• **Required action**:
Print the listing below exactly, images excluded.

• **Provided material**:
________

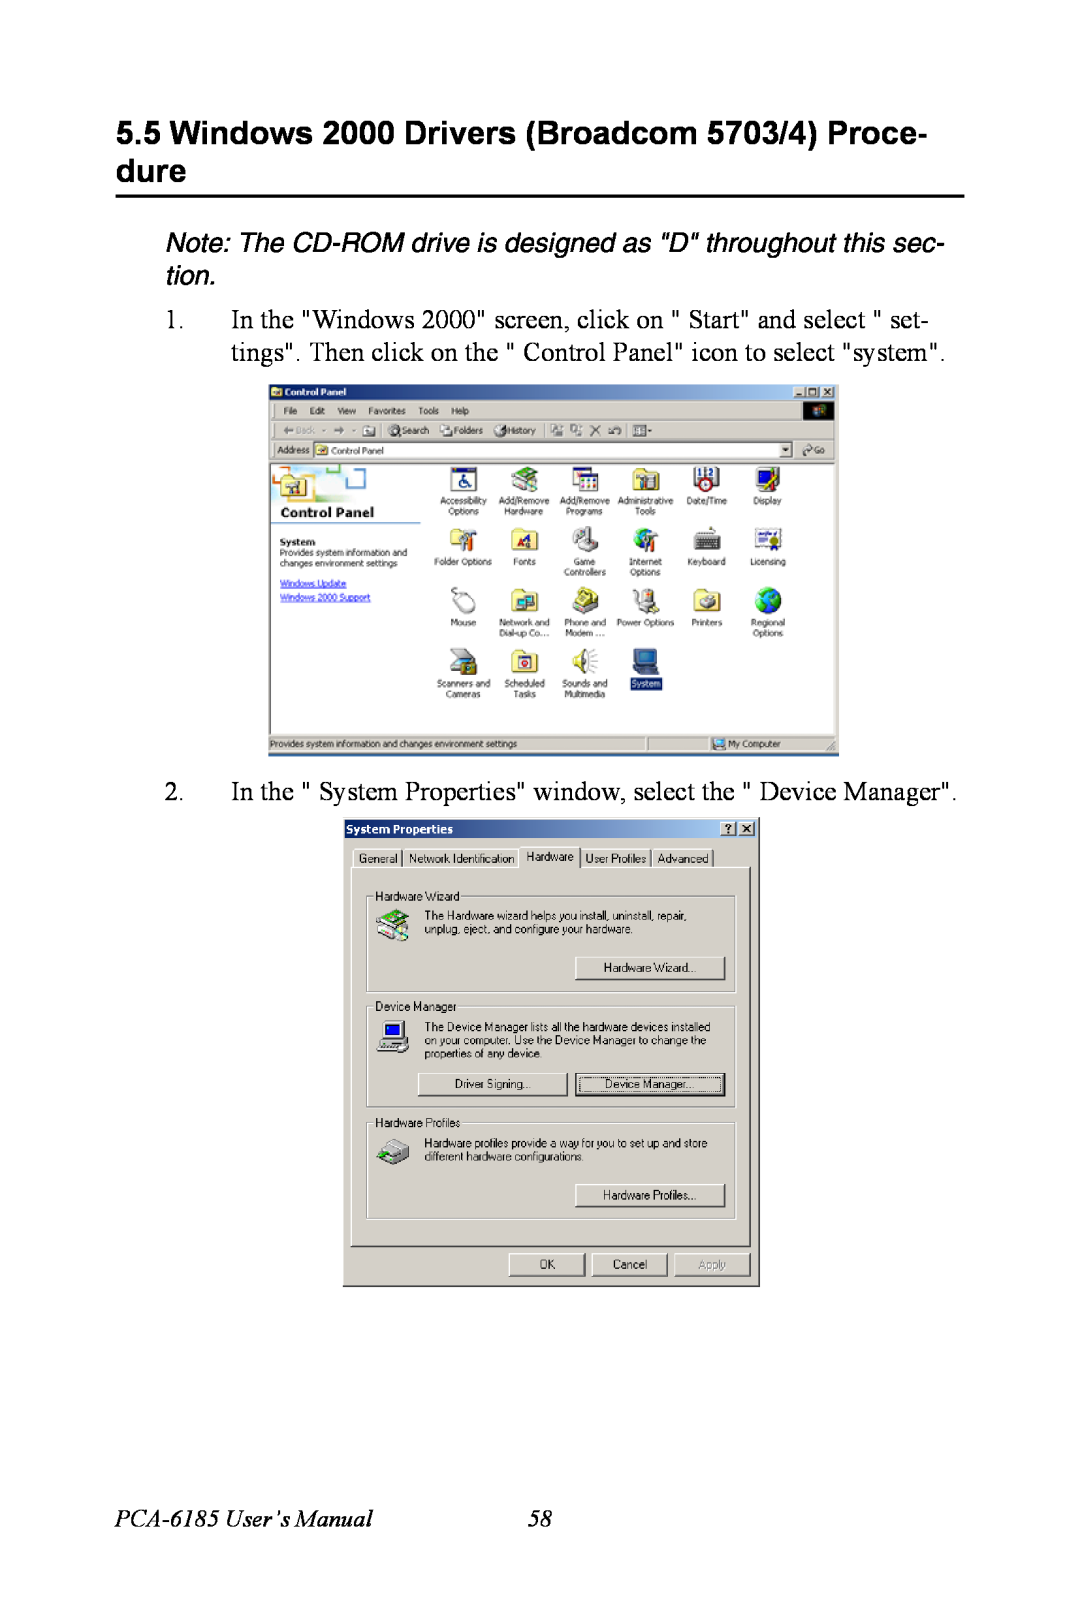 Advantech user manual Windows 2000 Drivers Broadcom 5703/4 Proce- dure, PCA-6185 User’s Manual 
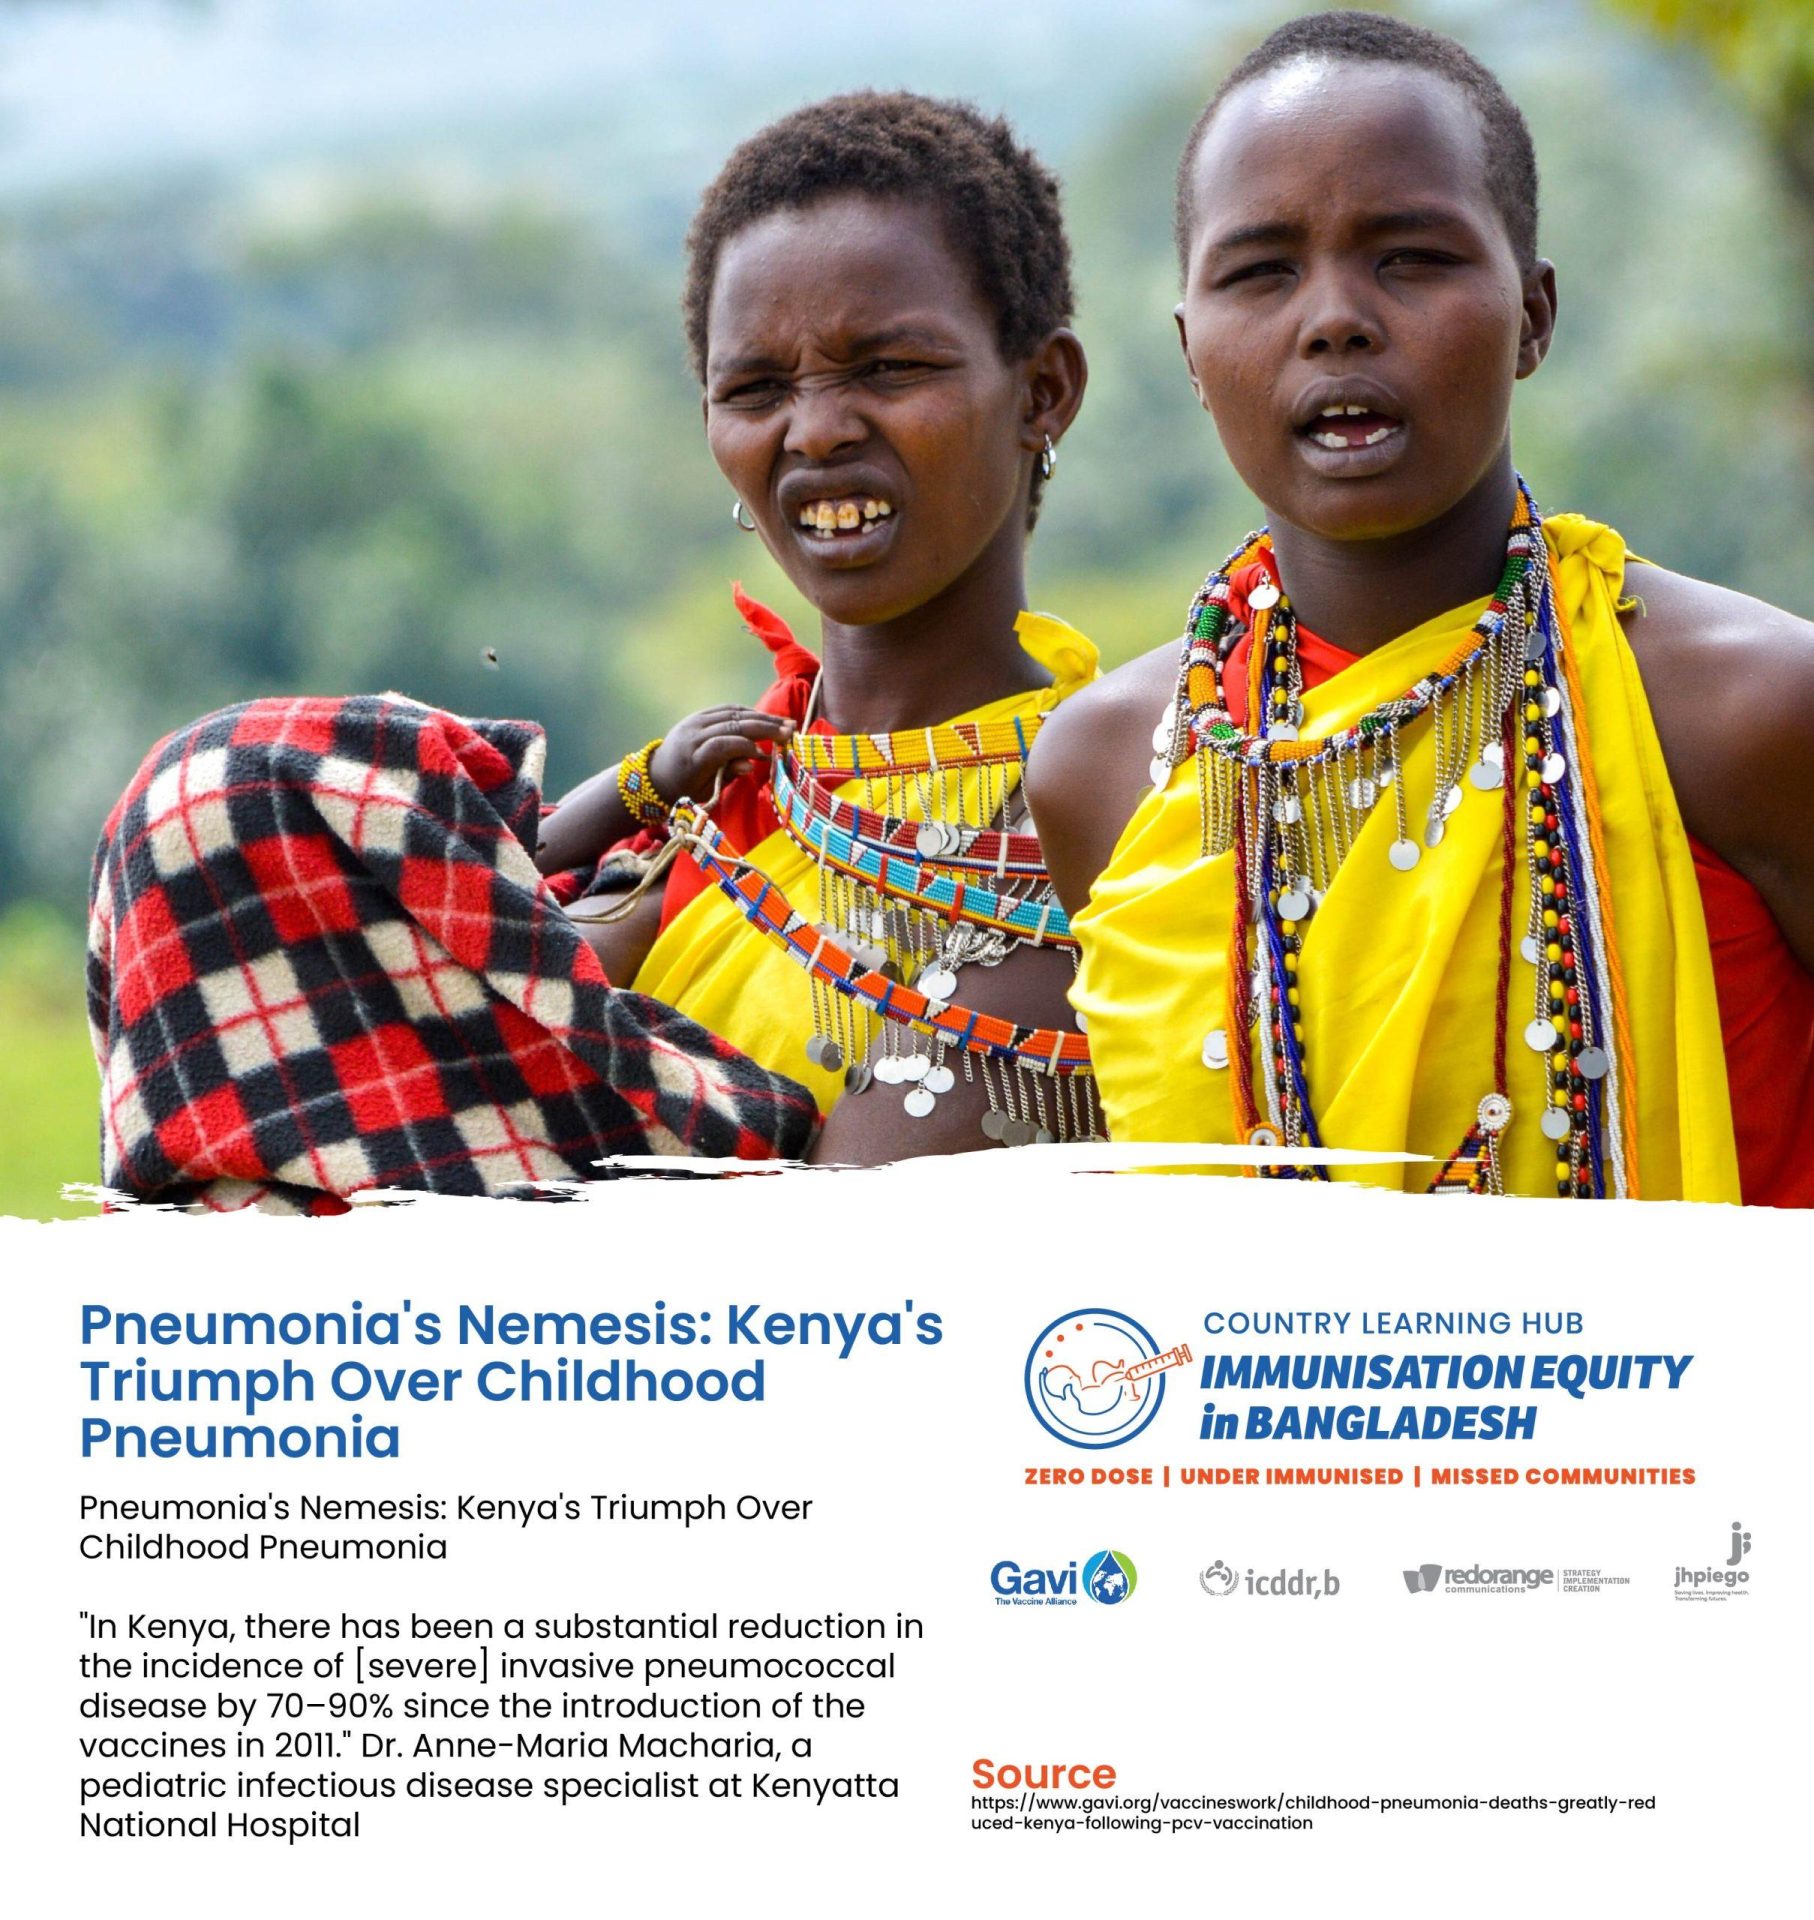 Pneumonia’s Nemesis: Kenya’s Triumph Over Childhood Pneumonia
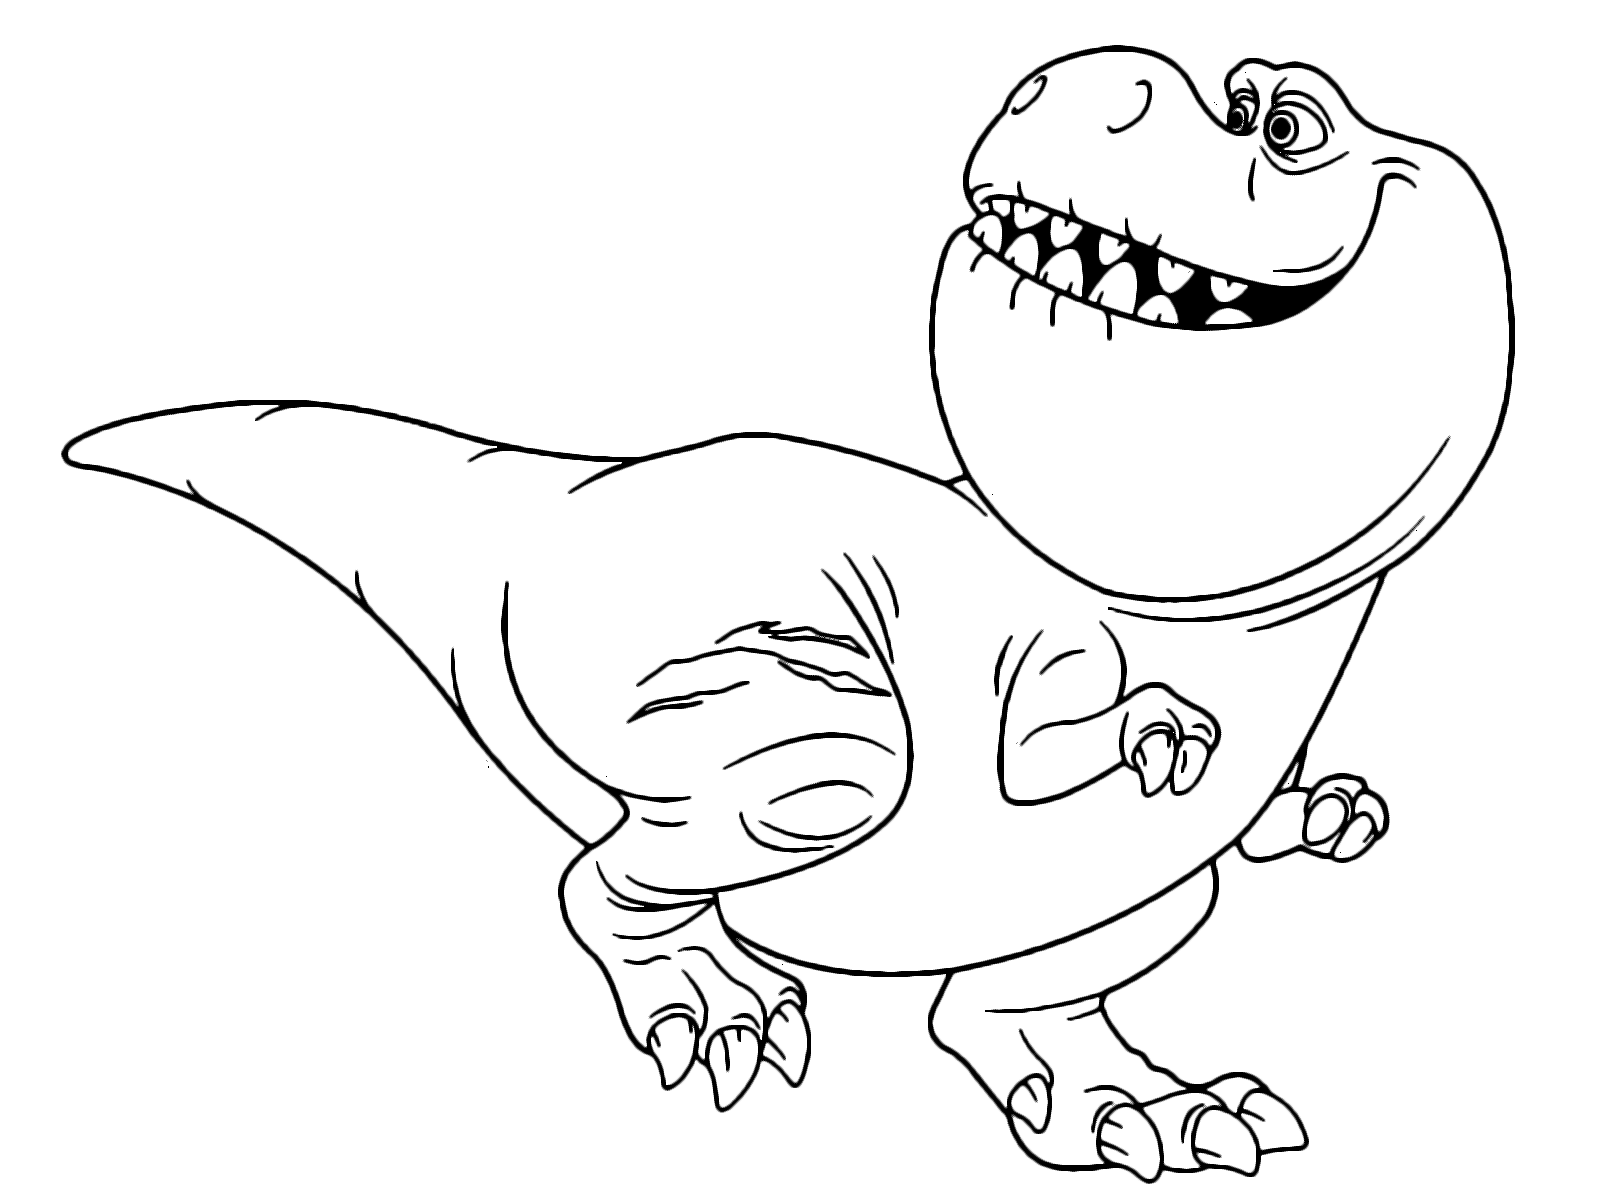 The Good Dinosaur - Butch's younger son Nash

________

• **Solution below**:
 Advantech user manual Windows 2000 Drivers Broadcom 5703/4 Proce- dure, PCA-6185 User’s Manual 
 Pneumonia’s Nemesis: Kenya’s Triumph Over Childhood Pneumonia
 The Good Dinosaur - Butch's younger son Nash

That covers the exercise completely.